Azad

Road movie pour un migrant

Entrer dans une librairie me laisse songeuse : tout le monde écrit ! Allez dénicher une perle dans ces vagues de papier, où chacun se prend pour le nouveau Joyce, pour la dernière Duras tient du parcours du combattant. Les lecteurs ont-ils donc oublié tout sens critique ?

Parmi les entassements de livres dont la plupart finiront au pilon, il arrive, oh joie, qu’un rectangle à la couverture colorée se révèle… lisible !

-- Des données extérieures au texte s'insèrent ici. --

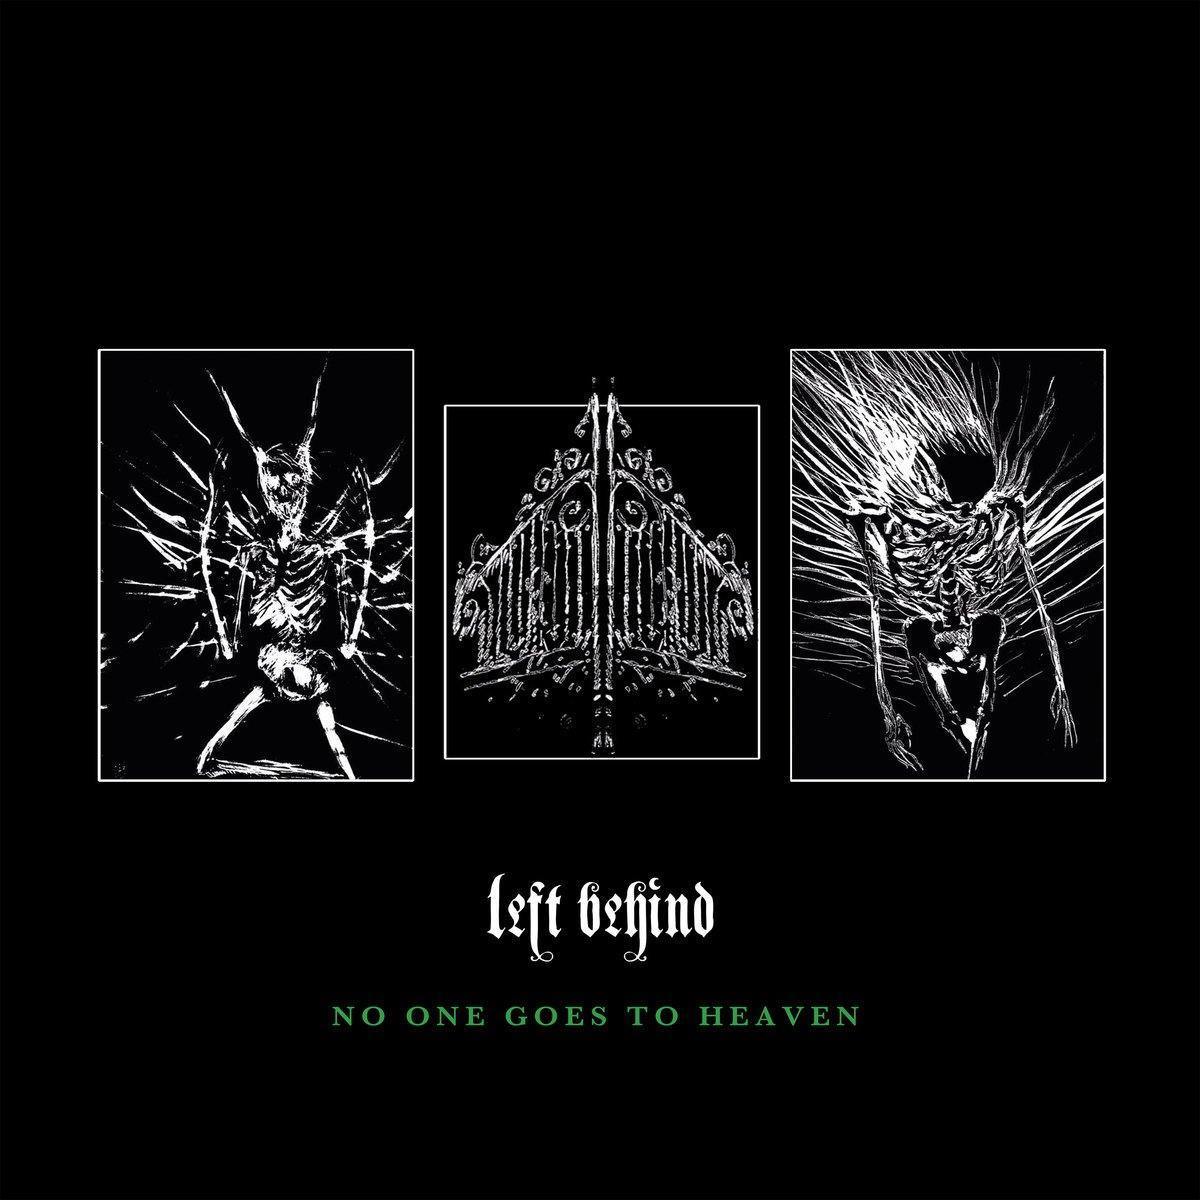 Buy – Left Behind "No One Goes to Heaven" CD – Band & Music Merch – Cold Cuts Merch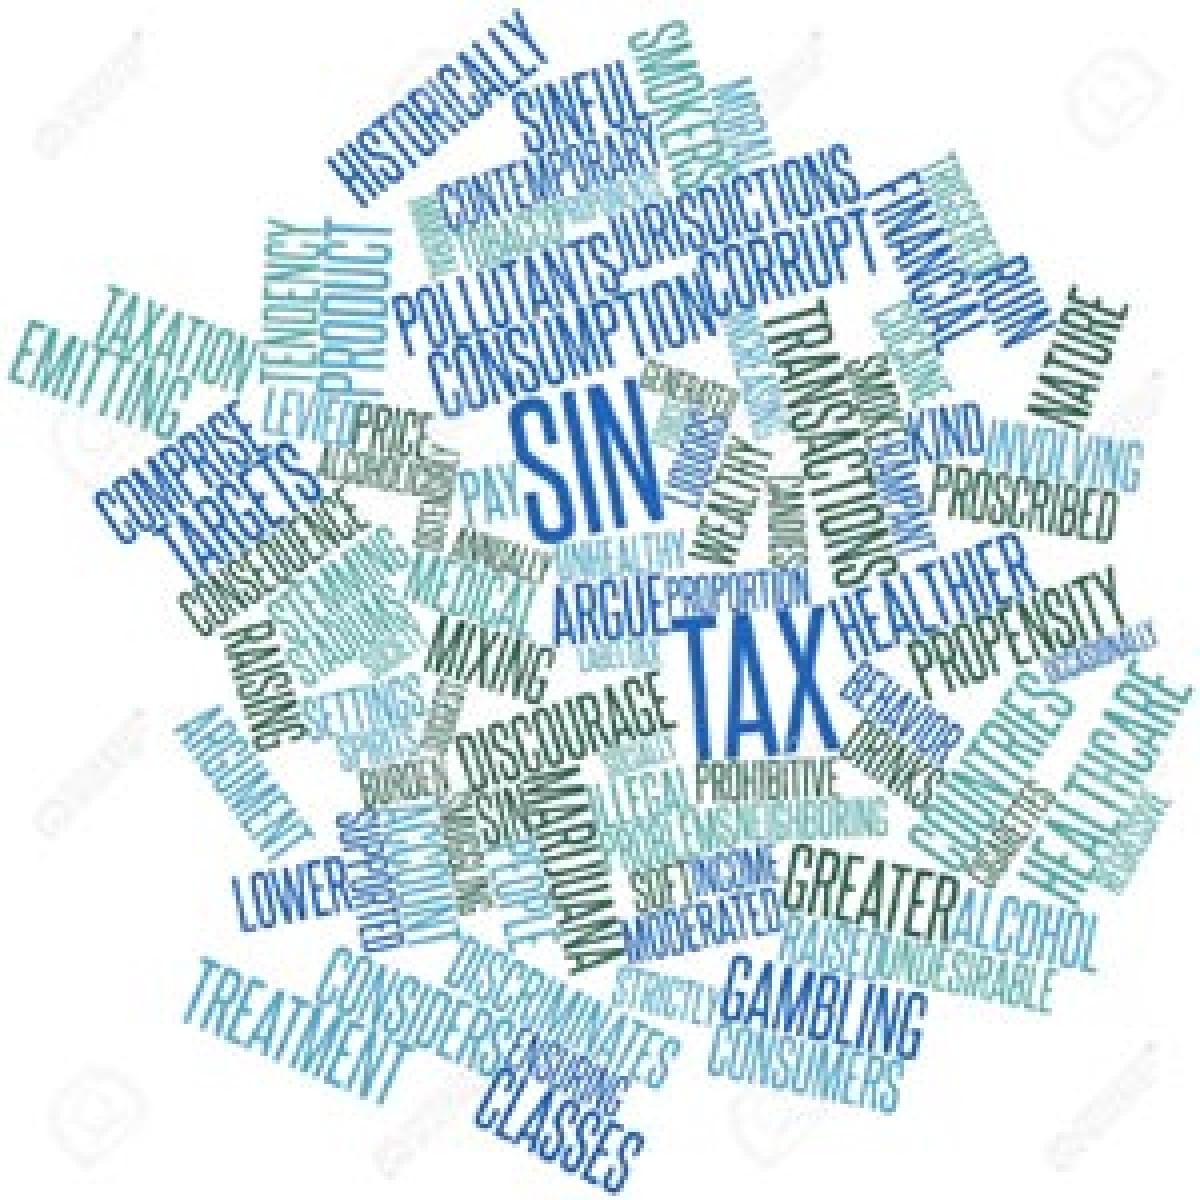 What is sin tax?

Ainsi, le premier roman de Mélanie Croubalian, qui n’aura certes pas de peine à se tailler une place dans le petit monde de la littérature romande, puisqu’elle a un bon profil : animatrice à la Romande, une voix écoutée. Née au Canada d’une mère suisse et d’un père arménien d’Egypte, elle raconte l’existence bouleversée d’un jeune Syrien qui fuit le martyre d’Alep en 2015. Le 20 septembre, jour de ses 20 ans, Nayef a goûté la confiture aux fraises concoctée par sa grand-mère dans la soirée précédente. Et brusquement, son monde bascule. Une bombe, sa soeur massacrée, l’aïeule à l’agonie, qui le supplie de récupérer le sac de survie préparé à son intention. Et de quitter le pays.

Pas le temps de réfléchir, il prend ses jambes à son cou, destination l’Angleterre, le rock, les brumes, la certitude du bonheur. Il n’ignore pas que le voyage vers l’Europe se révélera laborieux. Il est accompagné de deux amis. L’un d’eux finira probablement torturé, l’autre, plus sage, amoureux et moins ambitieux, restera à Izmir.

Nayef finira par arriver à Londres après une saga hallucinante, l’argent offert par la grand-mère et par une tante, envolé, ou plutôt volé par les passeurs et par les profiteurs des milliers de malheureux qui fuient la guerre. Pour les migrants, tout est plus cher que pour les touristes. L’auteure décrit finement le contraste entre les deux castes qui se côtoient sans se voir, l’une profitant de la vie, l’autre s’accrochant à la survie.

Malgré quelques rencontres chaleureuses, Nayef est confronté à l’horreur des camps, des traversées en mer, de cette misère sans fond décrite par la presse, qui a fini par glisser sur la population occidentale tel un fait divers, à force de cadavres qui rejoignent le plancher de la Méditerranée, tombeau à ciel ouvert. Mais le jeune migrant a trouvé dans le sac de survie un livre, ou plutôt un journal signé Azad, un chirurgien arménien qui a déserté l’armée britannique installée au Caire en 1915, afin d’aller sauver sa famille restée en Arménie. Qui est cet Azad ? Tout au long de son cauchemardesque voyage vers la liberté – pense-t-il –, le récit du médecin l’accompagne. Quand enfin il découvrira qui est Azad, et pourquoi sa grand-mère lui a confié le journal, il réalisera à quel point la vie déroule parfois des fils ténus qui sont comme autant de bonnes étoiles.

Bien qu’écrit de manière relativement distante, et malgré les scènes abominables qui le parsèment, ce récit est un coup de projecteur révélateur de la question si douloureuse et irrésolue des migrants. C’est en suivant le chemin de croix de Nayef que le lecteur réalise que les Nayef sont légions, mais combien d’entre eux connaissent un happy end ?

Un livre émouvant, dur, dans lequel les baby-boomers voyageurs retrouveront, en tons noirs, les routes qu’ils arpentaient, alors parsemées de petits bonheurs, dans les années 1960-1970.

Mélanie Croubalian : Azad, roman, Ed. Slatkine, Genève, 2023, 232 p.